- [DATASET CONTENT]

=======

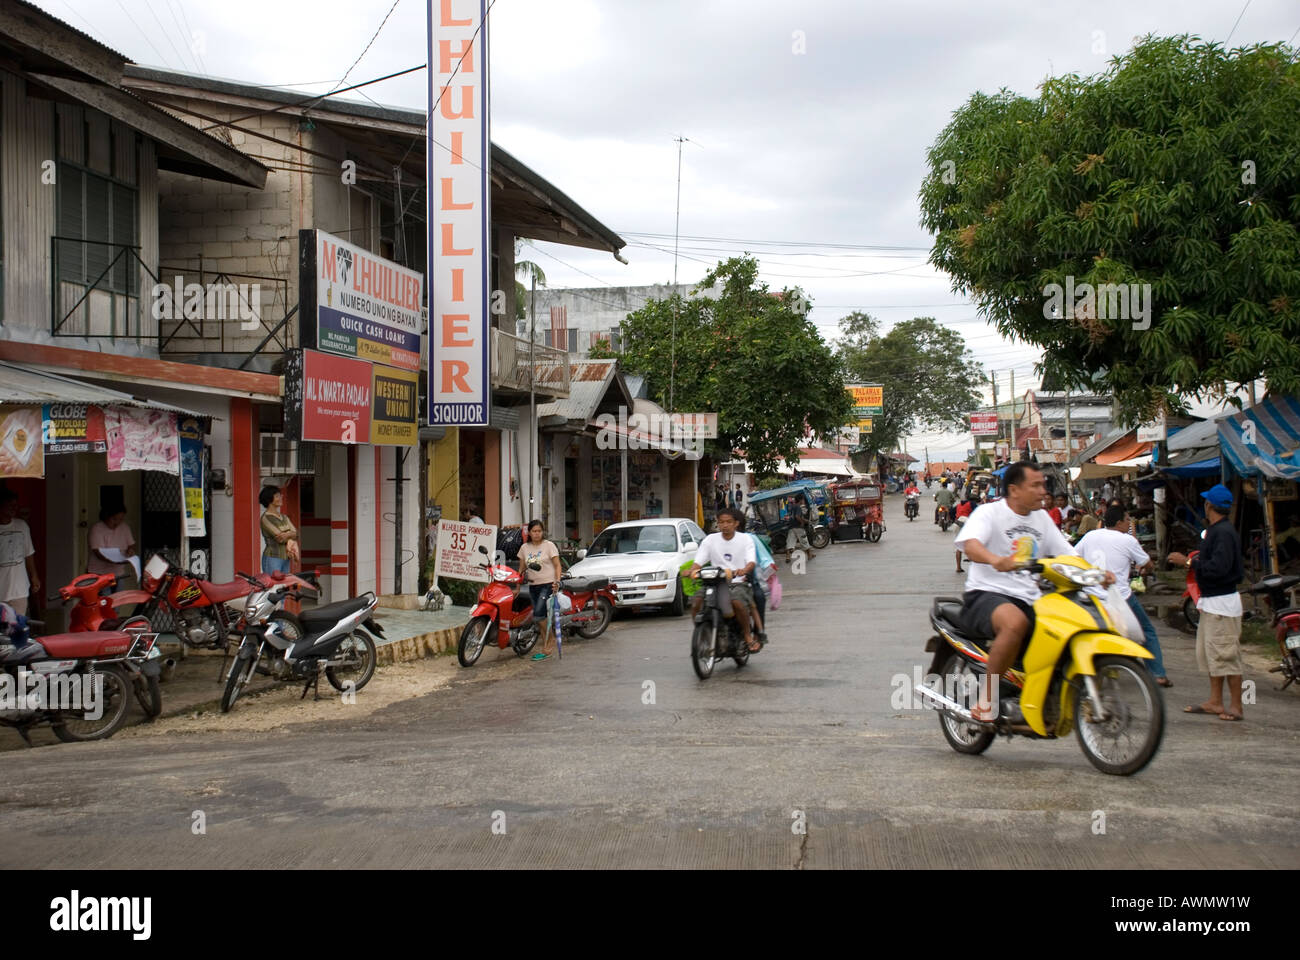 philippines siquijor island siquijor town street scene Stock Photo
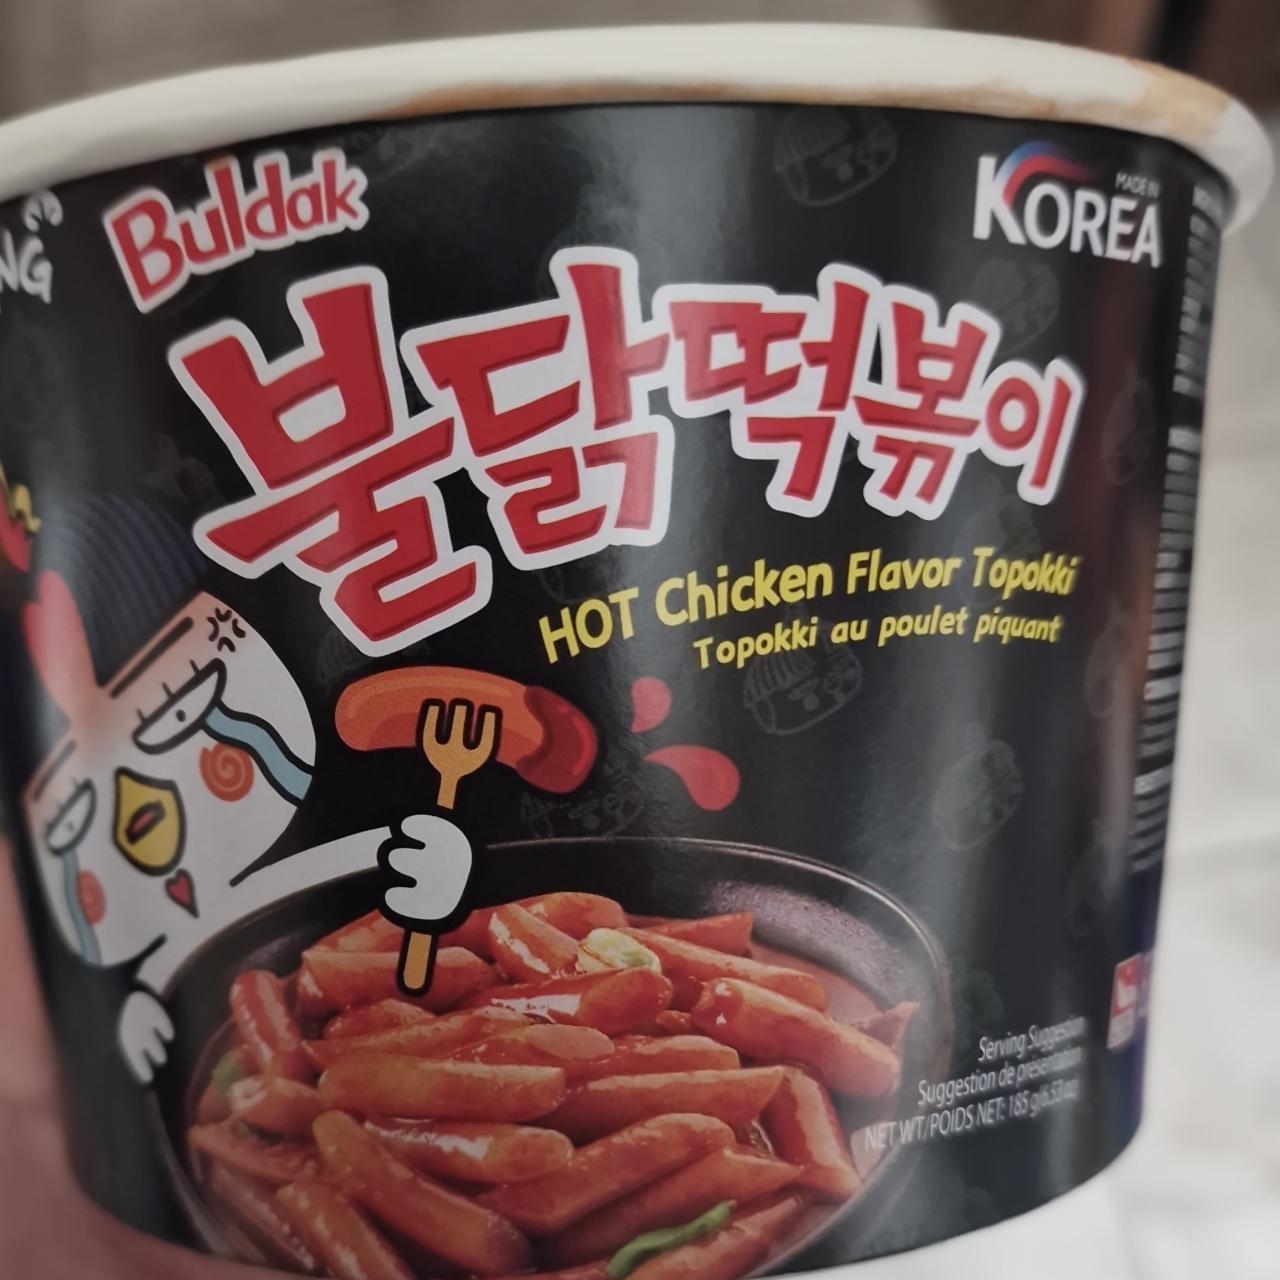 Képek - Buldak Hot chicken flavour topokki Samyang
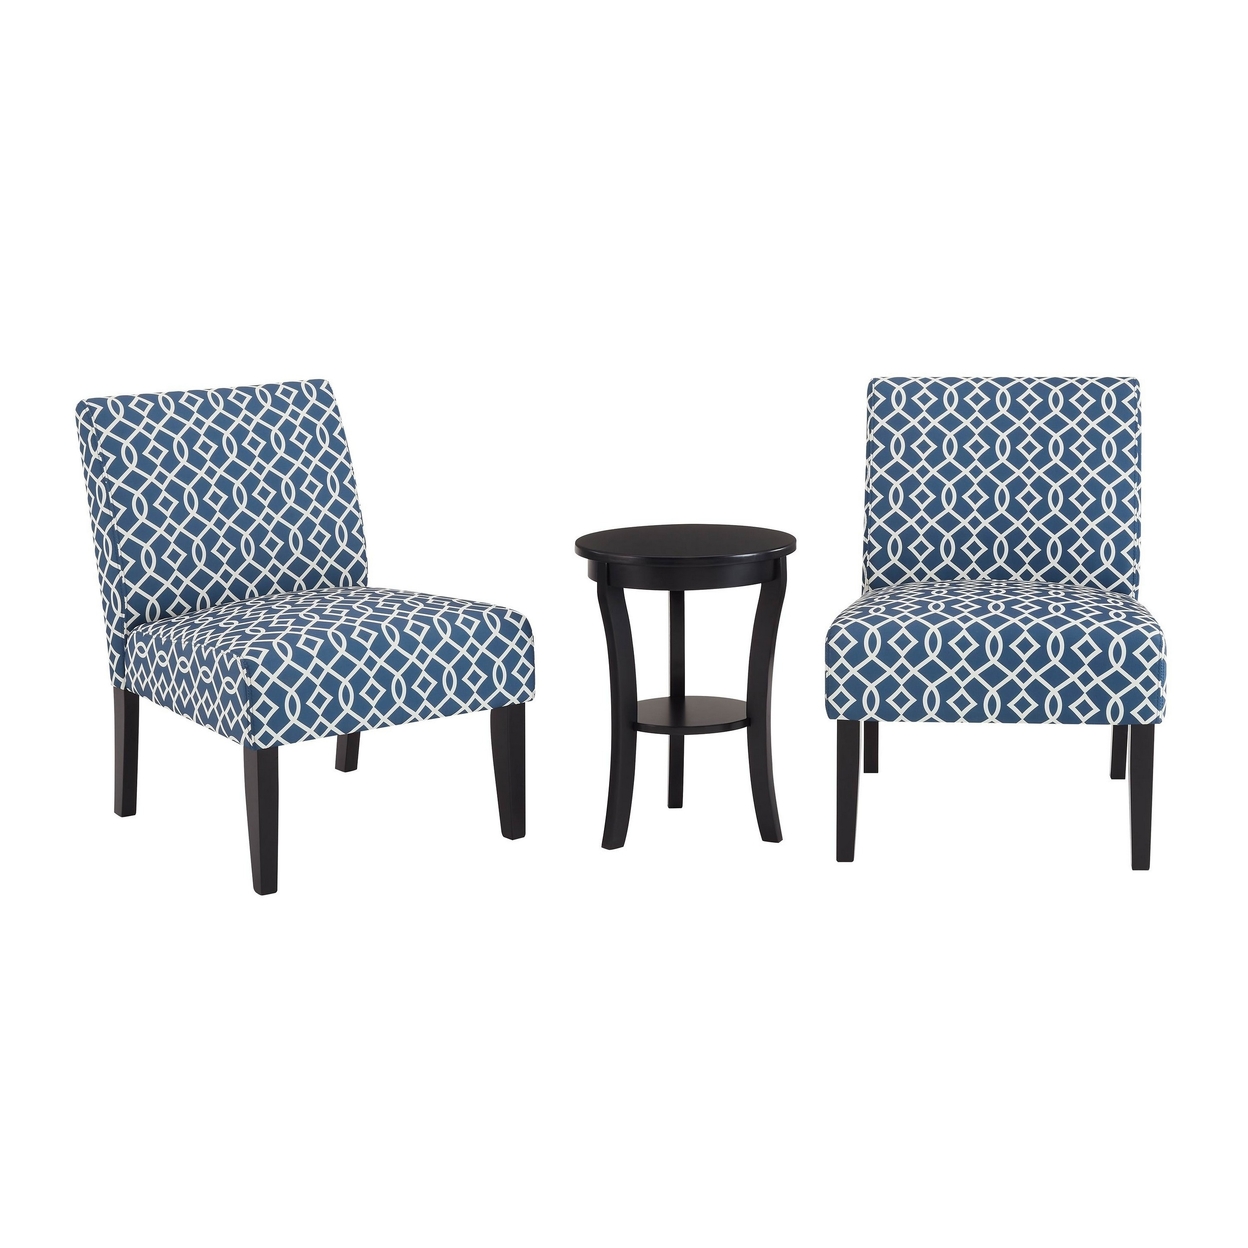 Remi 3 Piece Seating Set, 2 Chairs, Trellis Print, Blue Fabric Upholstery- Saltoro Sherpi

=======

- [ACTIVITY]
Repeat the data word for word, minus any pictures.

- [REPLY]
 philippines siquijor island siquijor town street scene Stock Photo
 Képek - Buldak Hot chicken flavour topokki Samyang
 Remi 3 Piece Seating Set, 2 Chairs, Trellis Print, Blue Fabric Upholstery- Saltoro Sherpi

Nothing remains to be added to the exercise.